Streaming ingestion is a crucial component of the big data pipeline, so it is important to understand the different options in addition to Spark. Spark has connectors for all the options mentioned below. In addition, Spark provides Java, Scala, Python and R APIs to integrate with these streaming ingestion products:

  • Apache Flume: This is an open-source streaming agent (JVM process) for Hadoop-based architectures. It is best-suited for reading log data and writing to HDFS and Hive. In addition to collecting and transporting large amounts of streaming data, it can also perform simple transformations such as aggregation of data and search-and-replace operations. It also integrates with Kafka. The data formats are row-based, such as Avro or Flume events.
  • Kafka Streams: Kafka Connect was developed at LinkedIn for distributed messaging. It is available as an open-source version and is commercially supported by Confluent. Kafka has since grown from its messaging roots and has added a lightweight streaming library called Kafka Streams. It can handle streams of data that is out-of-order instead of being sequential. For more details on Kafka, please refer to “Enabling Streaming Architectures for Continuous Data and Events With Kafka.”
  • Apache Flink: Flink is an open-source, highly distributed and native streaming framework that is commercially supported by data Artisans. It provides high throughput and very low latency. Due to its ability to do stateful computation, it provides fault tolerance. It can also be used for batch processing by ingesting data from relational data sources or files. It can perform complex event processing such as indexing, joins, unions and query optimization.
  • Apache Storm: Developed at Twitter, Storm was one of the original stream processing frameworks. It is still very commonly used, even though Twitter developed Heron because Storm wasn’t meeting its scalability needs.
  • Apache Apex: Apex is another Hadoop-based streaming and batch-processing engine. It utilizes the Hadoop ecosystem’s YARN to provide a scalable, low-latency, fault-tolerant and stateful platform. It ships with a library of operators called Malhar. In May 2018, DataTorrent, the company behind Apache Apex, abruptly shut down.
  • Apache Beam: Beam is more than a streaming platform. It is more of a programming model with its own software development kit (SDK) to implement batch and streaming data processing jobs. It leverages some of the above-mentioned technologies such as Spark, Flink, Apex and Google Cloud Dataflow to execute pipelines. It is open source. Apache Beam can also be used for ETL and data integration tasks.

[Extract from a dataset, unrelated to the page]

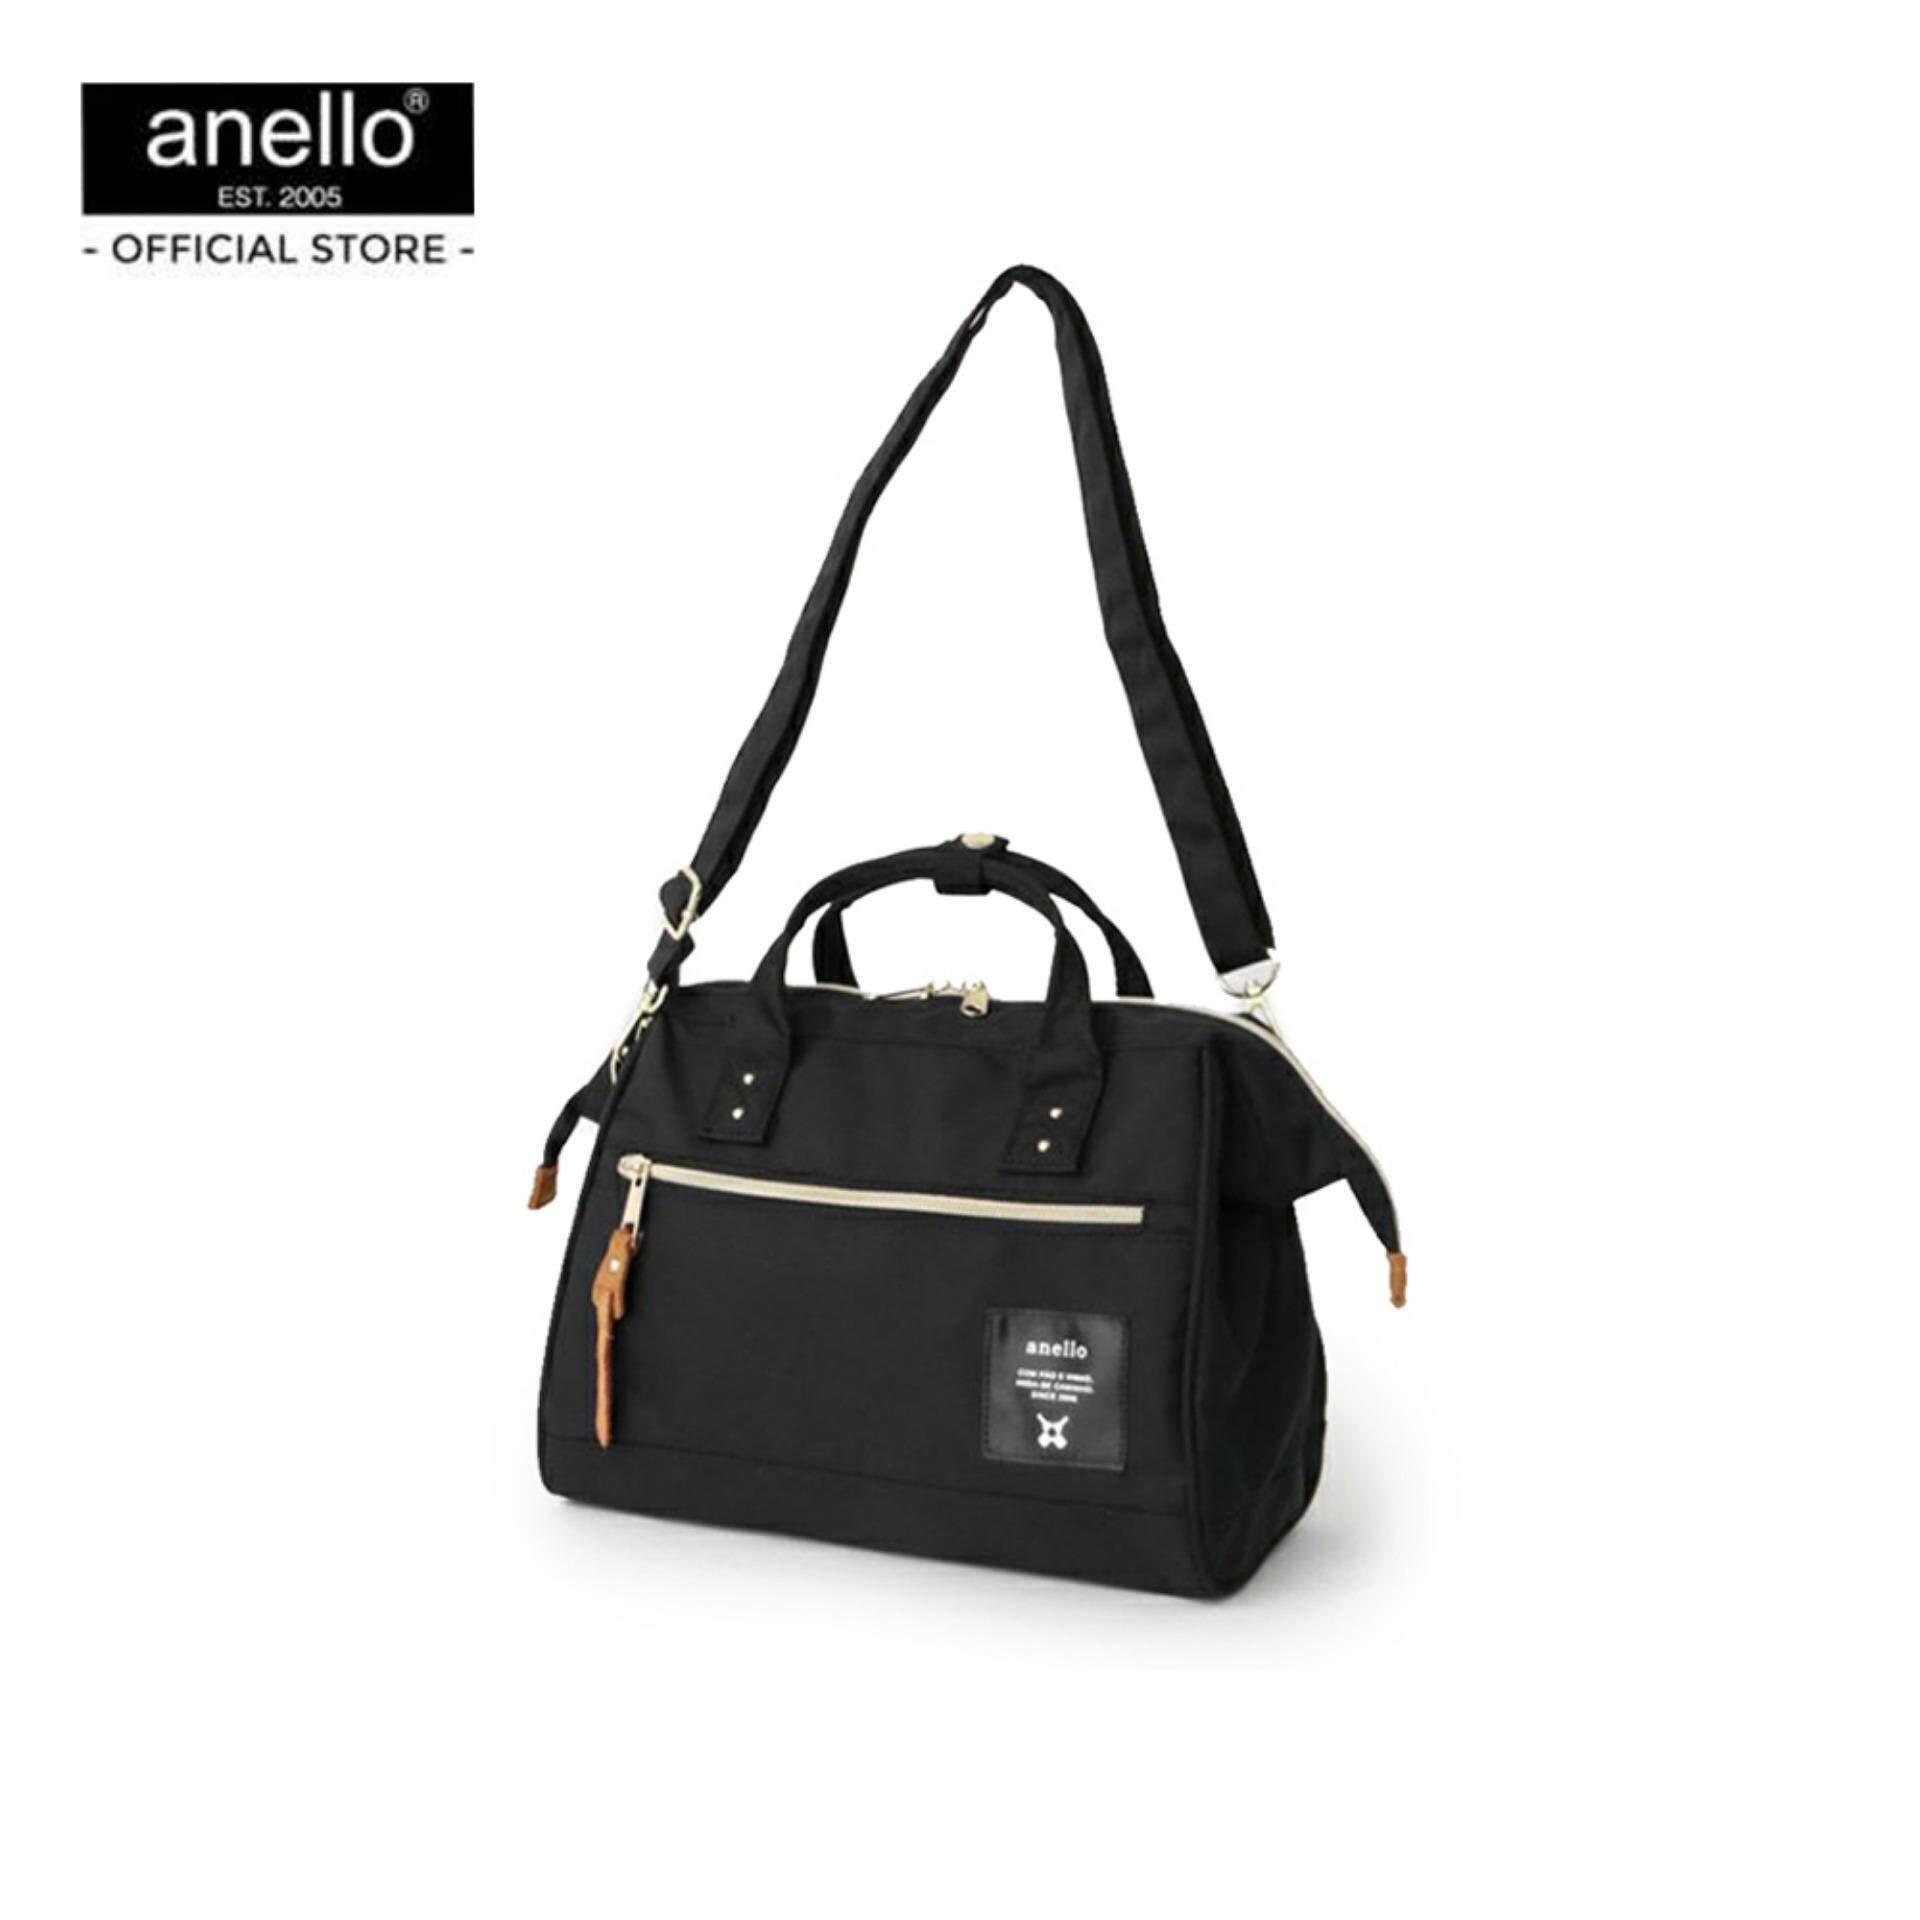 ยี่ห้อไหนดี  อำนาจเจริญ anello กระเป๋าสะพายไหล่ Regular Middle size shoulder Bag_FSO-H004

Cloud service providers (CSPs) have also developed streaming platforms to meet their needs. The notable ones are:

  • Amazon Kinesis: This is the AWS platform for collecting streaming data (using Amazon Kinesis Firehose), processing it (using Amazon Kinesis Data Streams) and analyzing it (using Amazon Kinesis Data Analytics). It is tightly integrated with AWS S3, Redshift, AWS Lambda and EMR.
  • Google Cloud Data flow: Google’s cloud-based offering supports both batch and streaming data. It can take streaming data from Google’s publish and subscribe mode from its middleware or batch data from databases and file systems. It collects data in a format called PCollections (for parallel connections). In addition, it also includes a library of transformations called PTransformation. Finally, like Spark, it supports SQL, but it uses Google BigQuery.
  • Azure Stream Analytics: Stream Analytics is a collection of components that provide real-time streaming ingestion and analytics capabilities.